The sectors which showed positive growth were - Vitamins, (198.4%) , Sugar Machinery’ (78.8%), ‘Ayurvedic Medicaments’ (62.7%), ‘Cable, Rubber Insulated’ (59.8%), ‘Air Conditioners (Room)’ (47.2%), ‘Steel Structures’ (38.5%), ‘Leather Garments’ (27.4%), ‘Transformers (Small)’ (26.7%), ‘Stainless/ alloy steel’ (25.0%), ‘Cashew Kernels’ (23.4%) and ‘Antibiotics & its preparations’ (20.1%).

On the other hand, sectors to show negative growth were ‘Polythene Bags incl. Hdpe & Ldpe Bags’ [(-) 58.4%], Aluminium Conductor’ [(-) 55.9%], ‘Telephone Instruments (incl. Mobile Phones & Accessories)’ [(-) 39.0%], ‘Boilers’ [(-) 38.9%], ‘Earth Moving Machinery’ [(-) 38.2%], ‘Gems and Jewellery’ [(-) 33.3%], ‘Polyester Chips’ [(-) 31.9%], ‘Molasses’ [(-) 30.3%], ‘Pens of All Kinds’ [(-) 29.2%], ‘Computers’ [(-) 25.9%], ‘Wood Furniture’ [(-) 25.7%] and ‘Commercial Vehicles’ [(-) 25.3%].

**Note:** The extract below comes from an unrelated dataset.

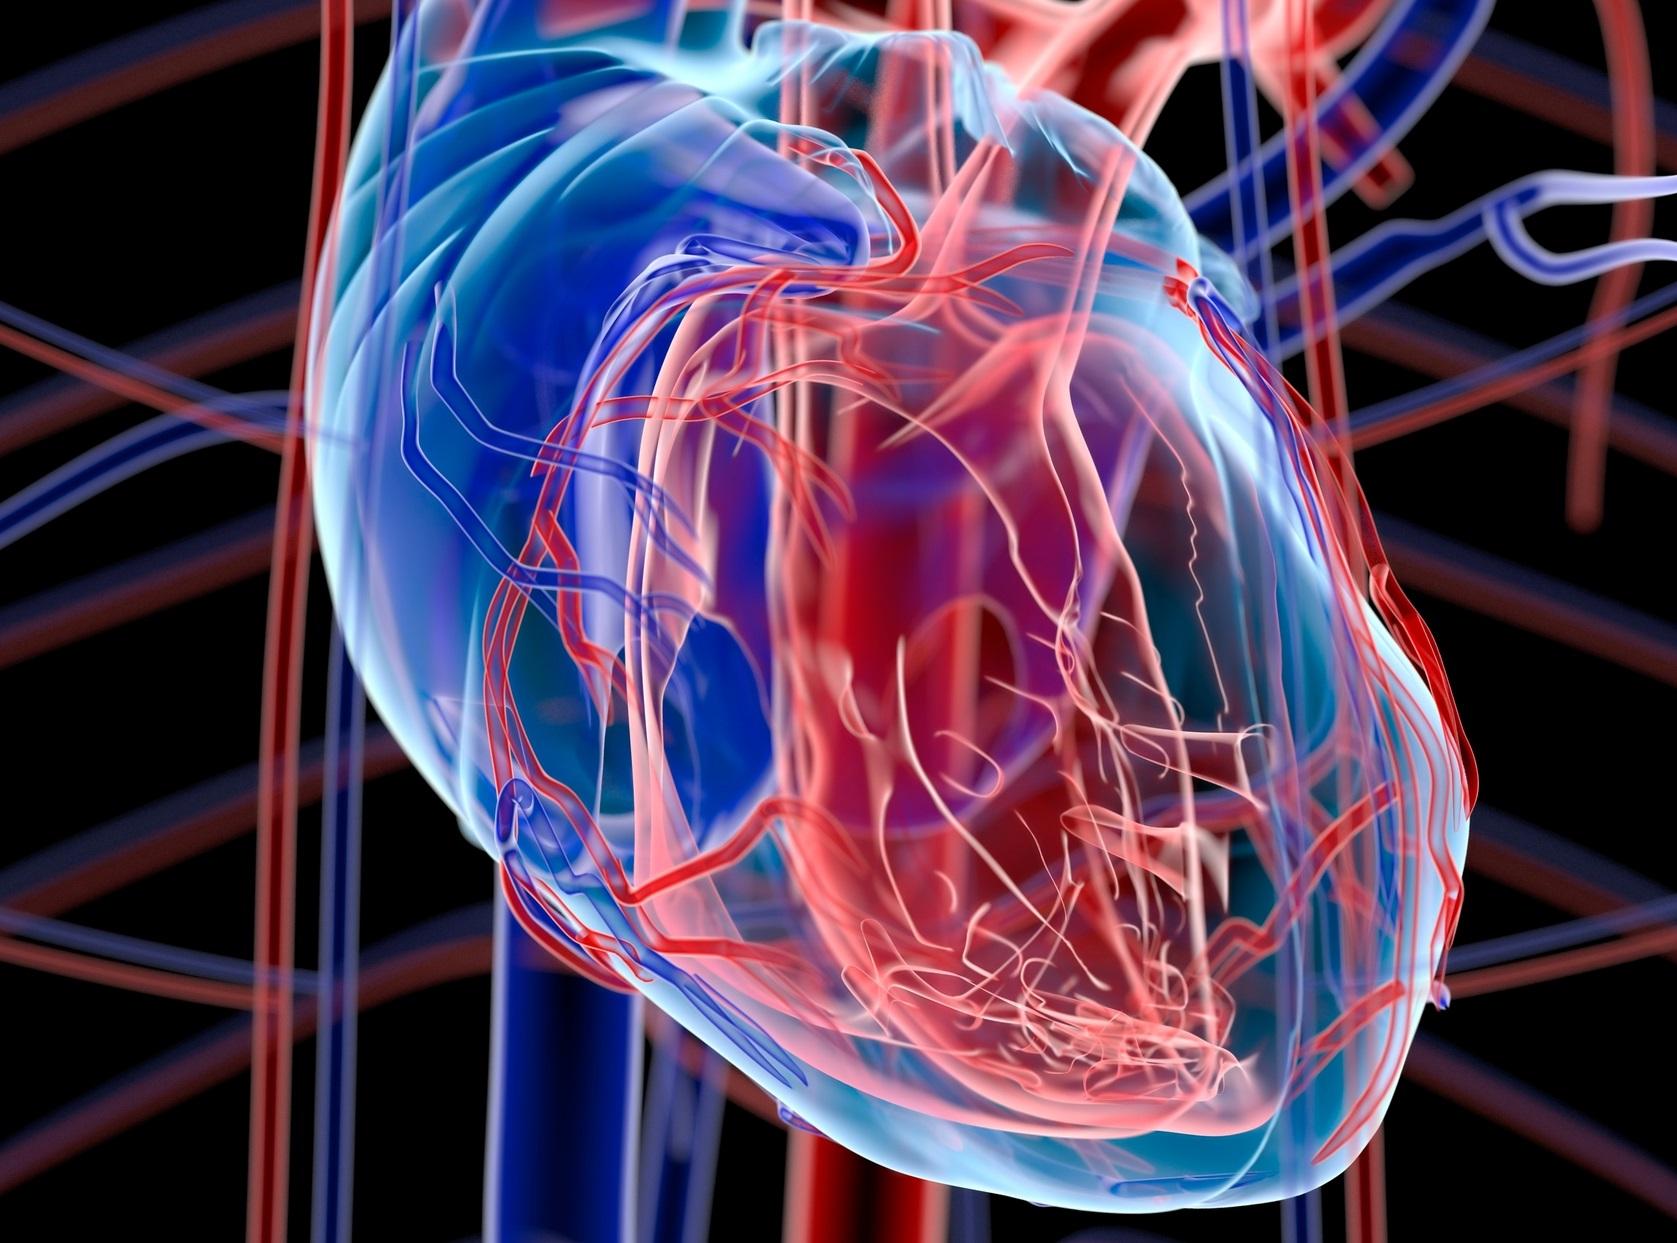 Bayer: Νέες Οδηγίες για θεραπεία ασθενών με χρόνια καρδιακή ανεπάρκεια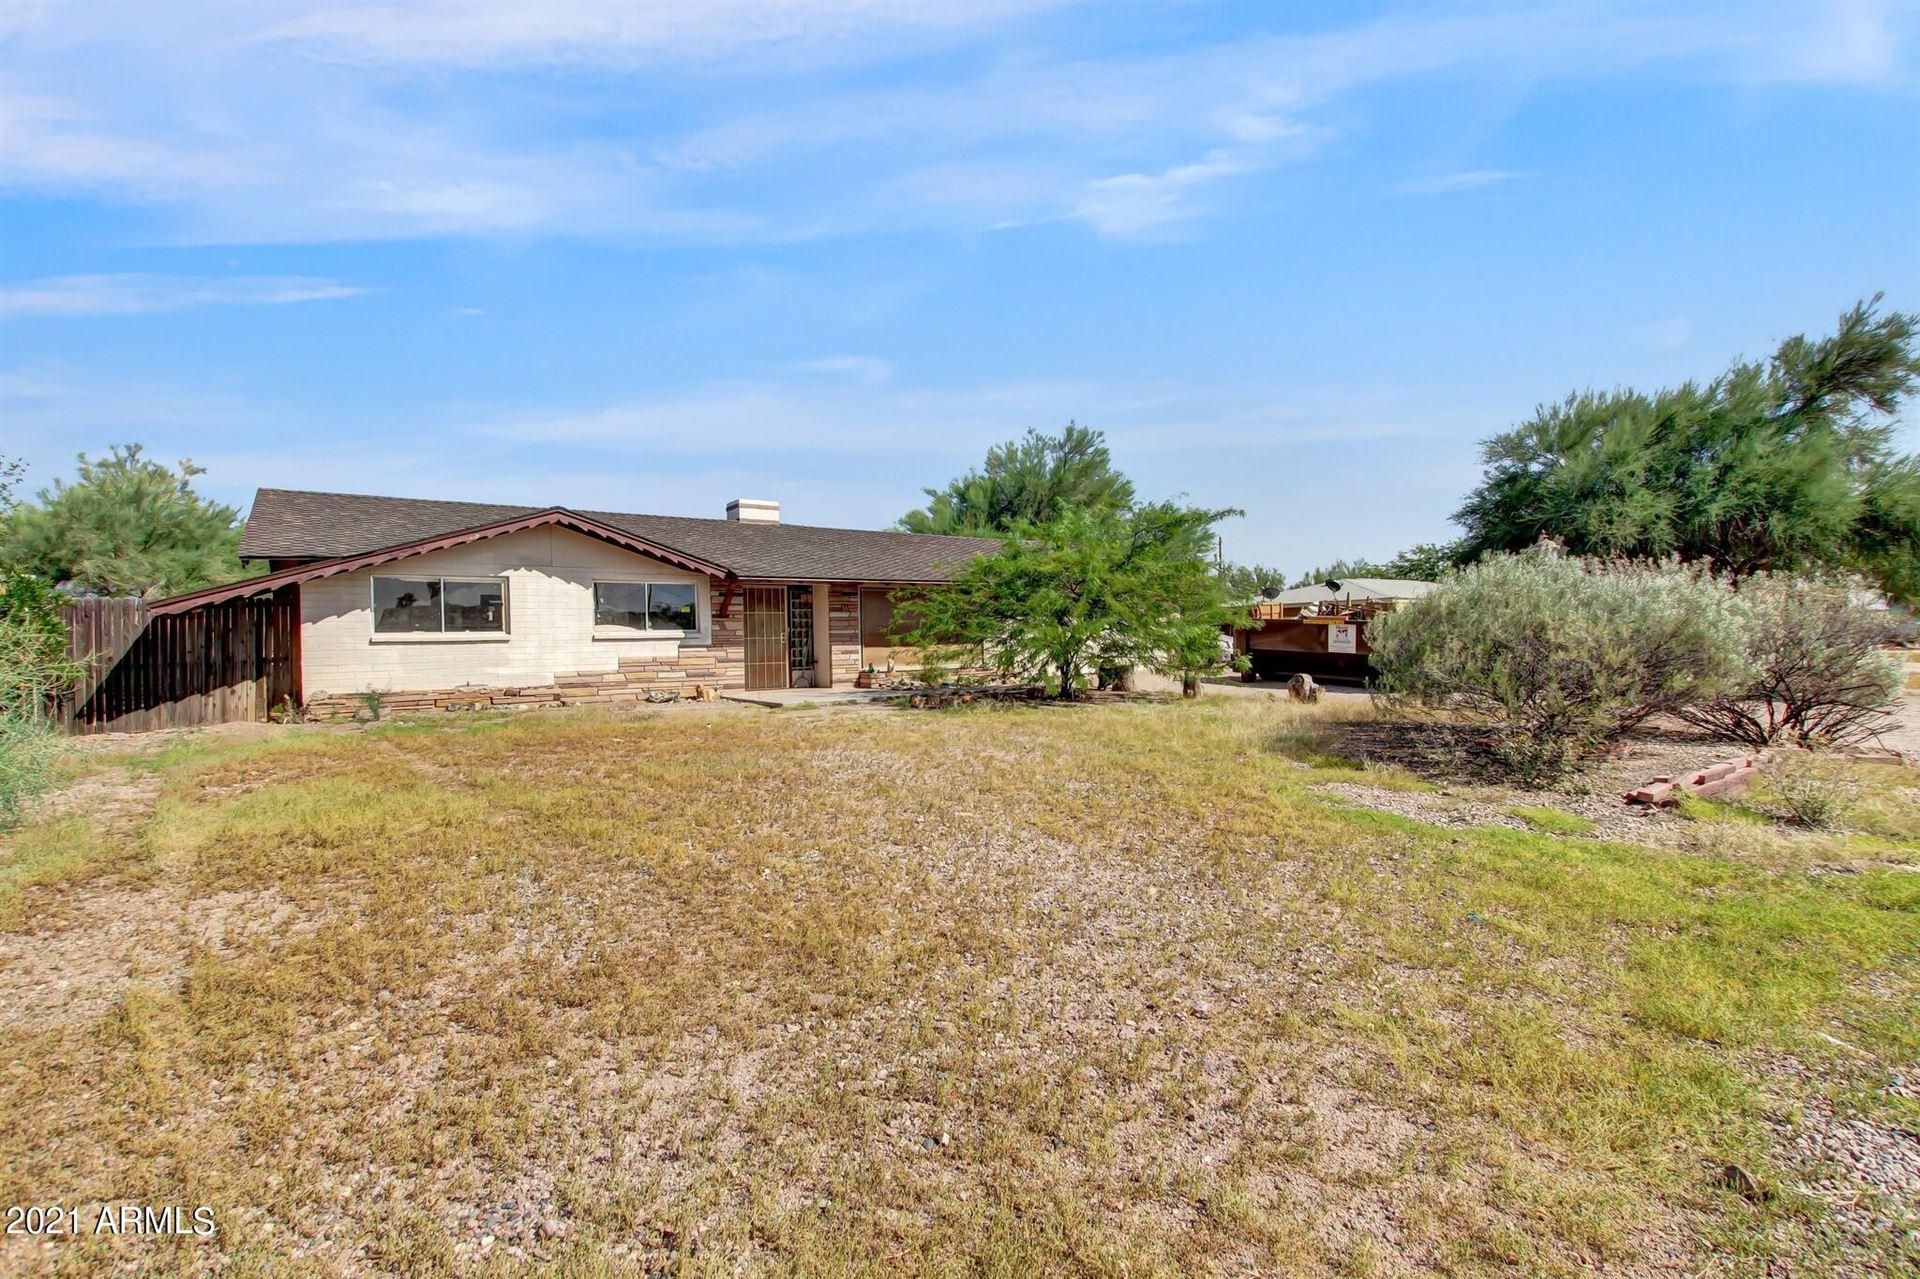 Photo of 289 N THUNDERBIRD Drive, Apache Junction, AZ 85120 (MLS # 6295357)

Meanwhile, the news for now on the CPI is good but this is again seasonal, mainly pulled down on account of food inflation. And with the RBI Governor making it amply clear that it will eventually start using CPI and not WPI for inflation indication, this CPI cooling off comes as a good news. CPI tracks retail prices paid by consumers for finished products. There is a major difference between the WPI and the CPI as the prices differ due to subsidies, sales tax, excise duties, distribution costs. WPI on other hand is the measure of price of manufactured goods but does not measure services. With 55% of the GDP basket coming from services, with WPI not measuring services, it just does not make sense to continue with this measure.

Thus under the current circumstances, we can rejoice the Jan inflation if we decide to just live for the day. But if we want to be more pragmatic and show foresight, Feb too might be relatively an easy month for inflation but going ahead, things might once again get sticky.